[Exercise data]

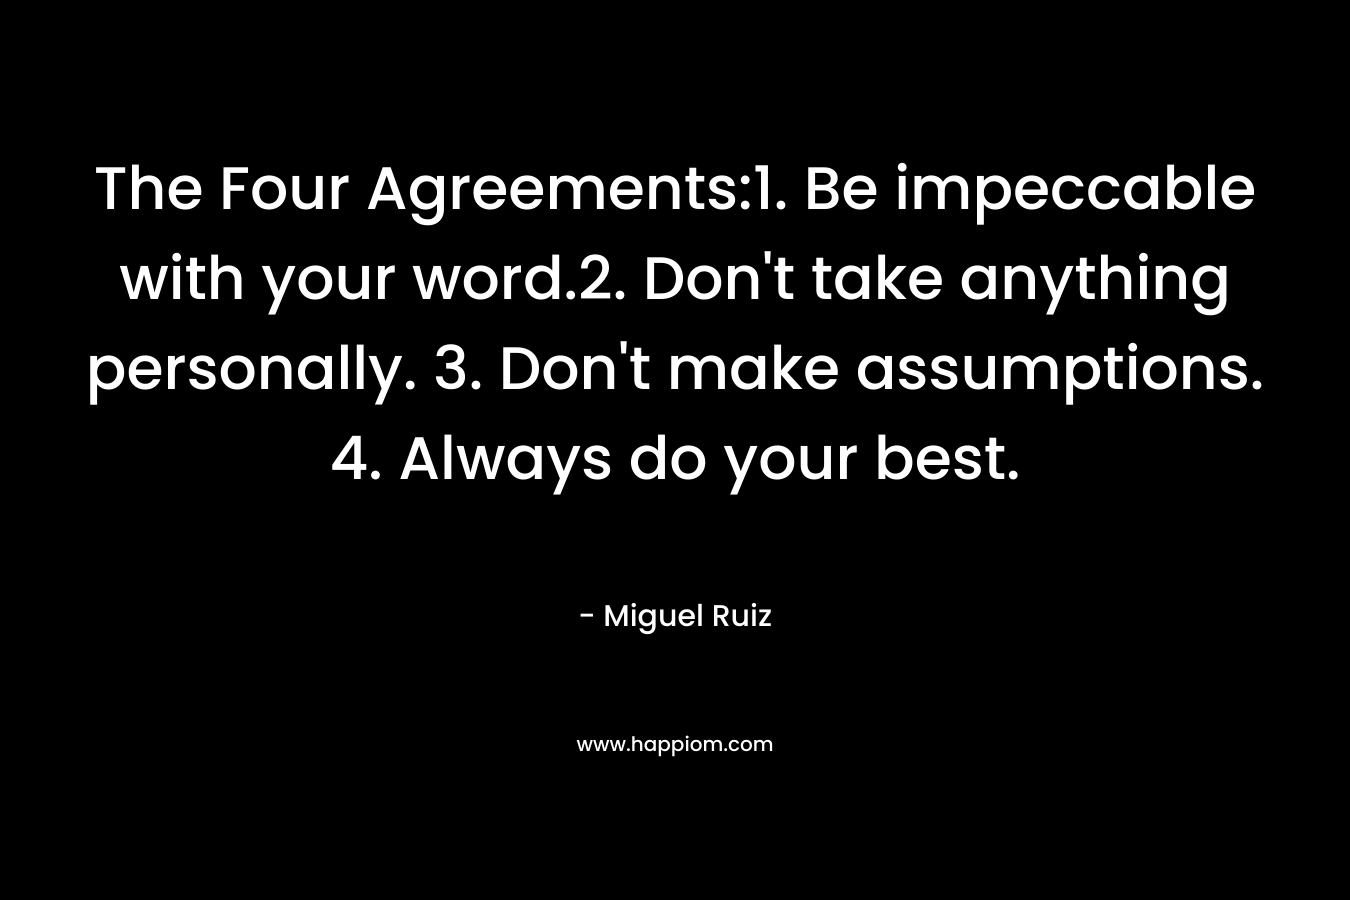 The Four Agreements:1. Be impeccable with your word.2. Don't take anything personally. 3. Don't make assumptions. 4. Always do your best.
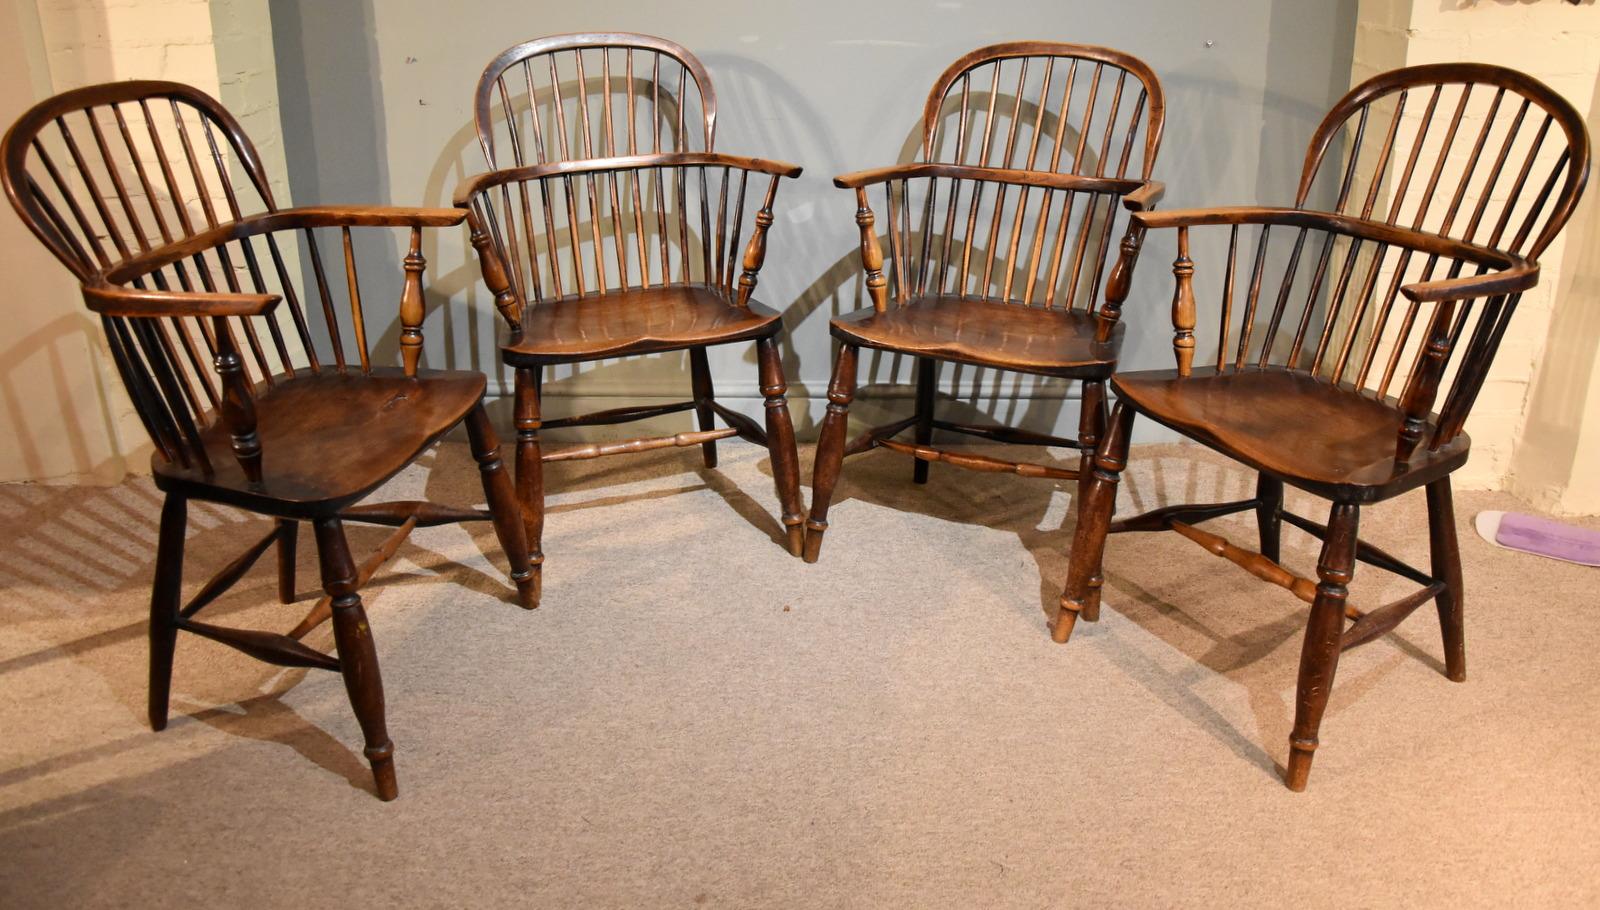 A Superb set of four George III ash and elm Windsor chairs of good colour

Dimensions 
Height 40.5

[/Exercise data]

### Work order
Reproduce word for word the lines running from the line with "A Superb set" through the end of the data, both included, and nothing else; leave out the pictures.

### Response area
 A Superb set of four George III ash and elm Windsor chairs of good colour

Dimensions 
Height 40.5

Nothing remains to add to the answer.